Data in this exercise:
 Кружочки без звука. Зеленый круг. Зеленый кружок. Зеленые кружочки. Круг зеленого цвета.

...

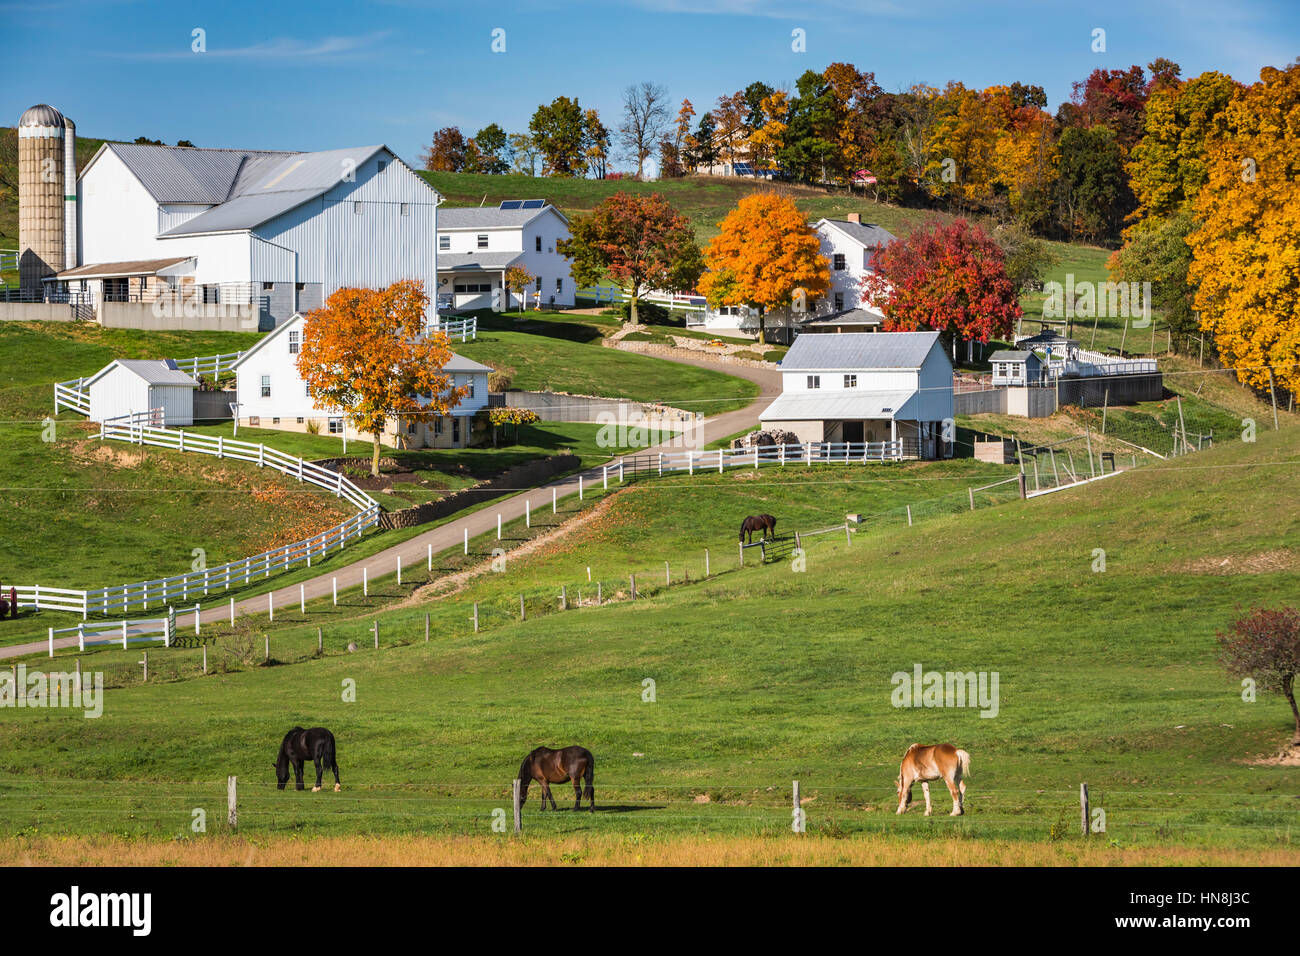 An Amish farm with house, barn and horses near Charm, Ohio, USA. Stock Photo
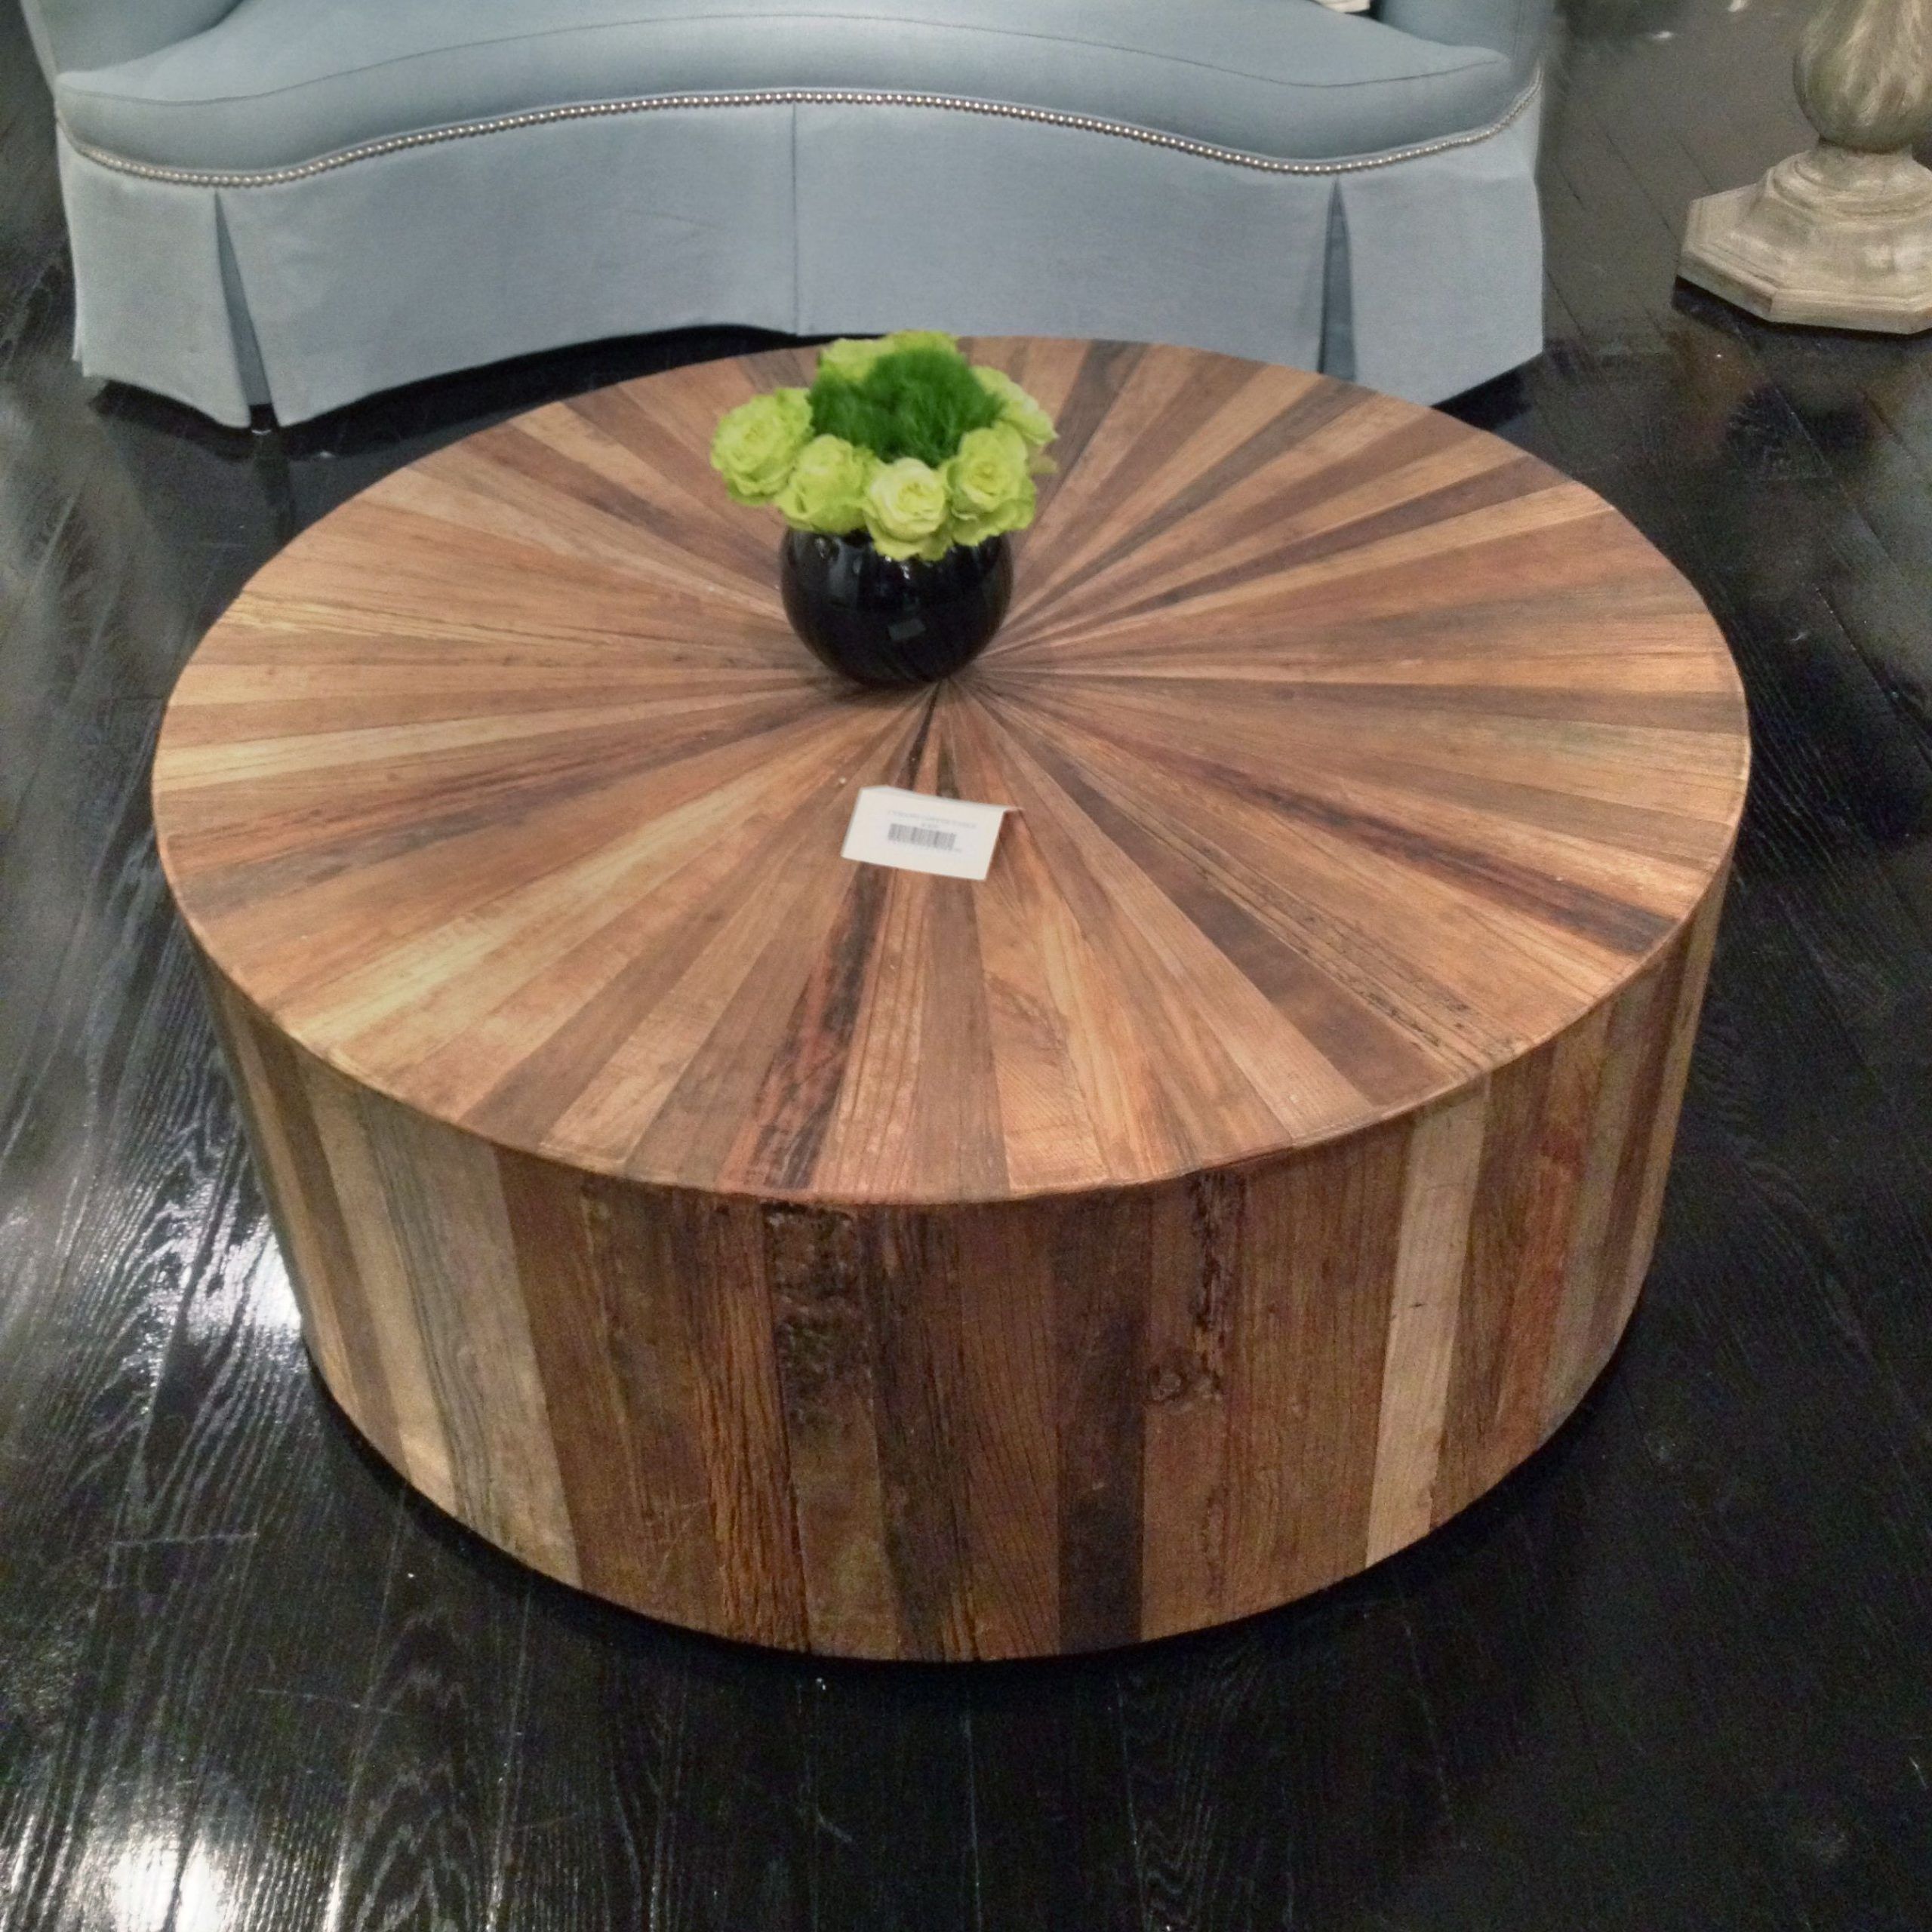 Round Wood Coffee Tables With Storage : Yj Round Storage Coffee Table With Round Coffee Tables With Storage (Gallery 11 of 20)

* * *

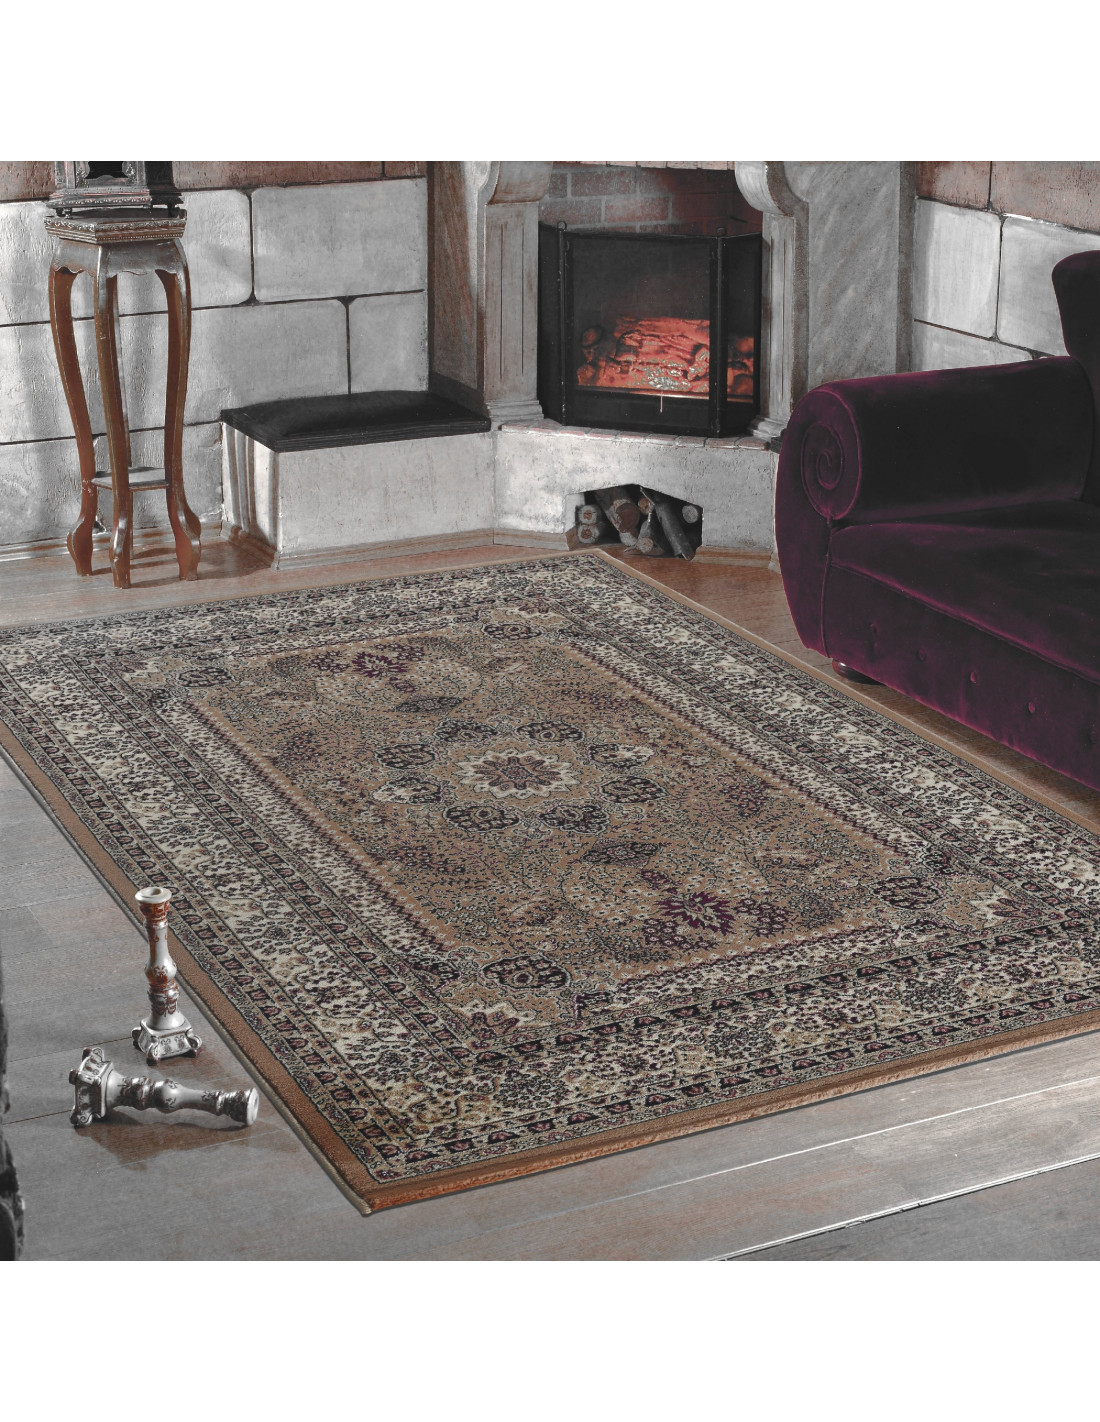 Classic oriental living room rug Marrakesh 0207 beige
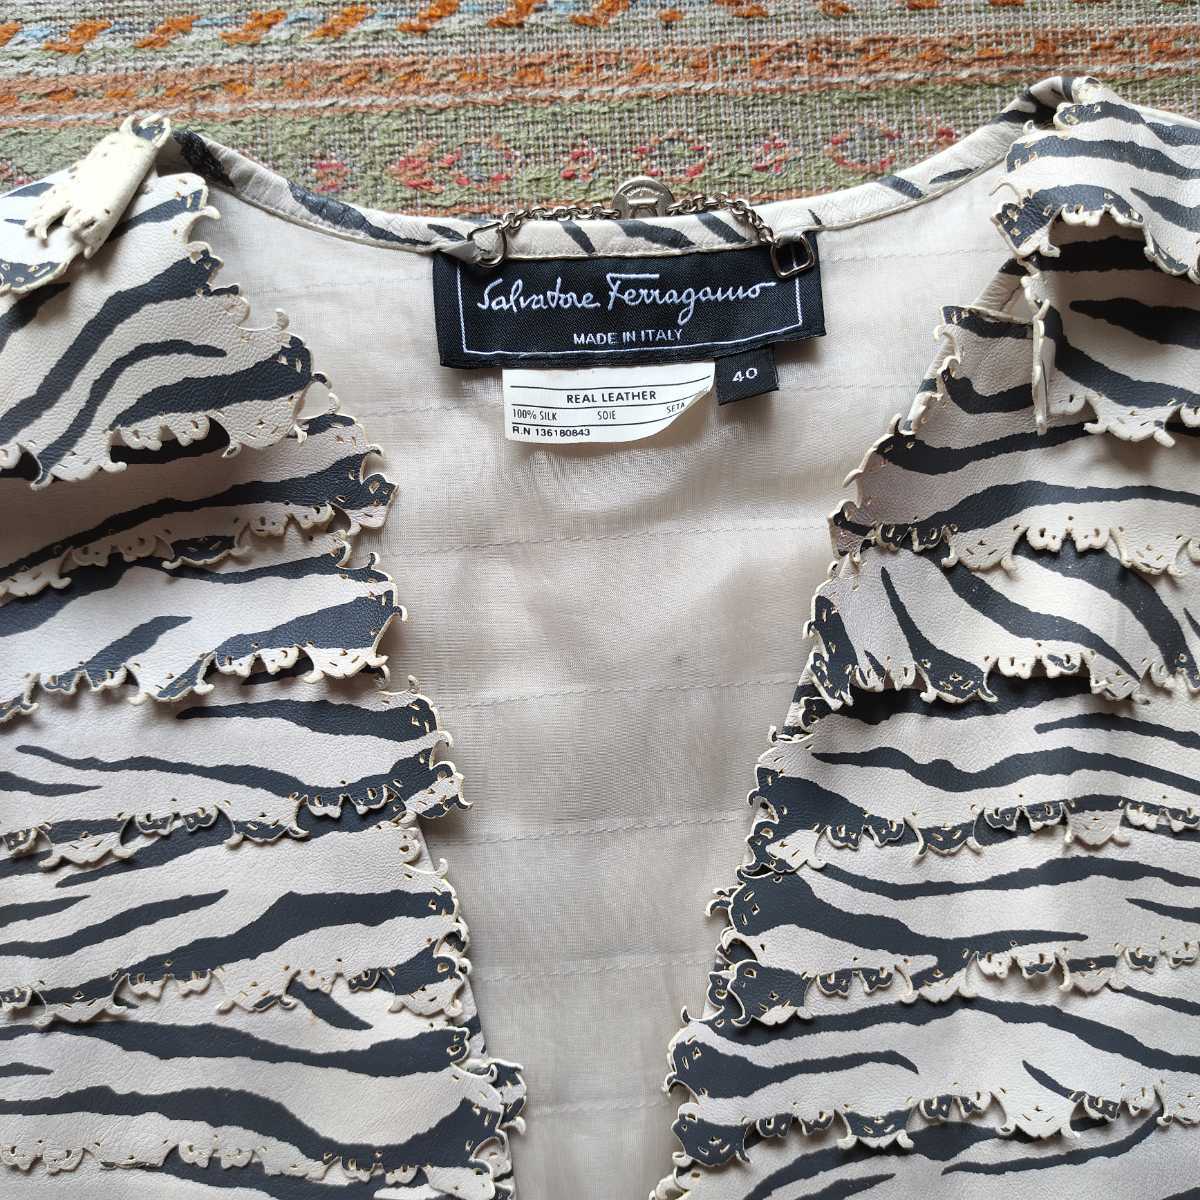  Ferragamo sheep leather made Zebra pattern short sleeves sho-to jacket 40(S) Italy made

Assignment: From the data above, return exactly the lines from the one with "Classic oriental living" up to and including the one with "Ferragamo sheep leather". Pictures do not go in the copy.

Answer box:
 Classic oriental living room rug Marrakesh 0207 beige
  Ferragamo sheep leather made Zebra pattern short sleeves sho-to jacket 40(S) Italy made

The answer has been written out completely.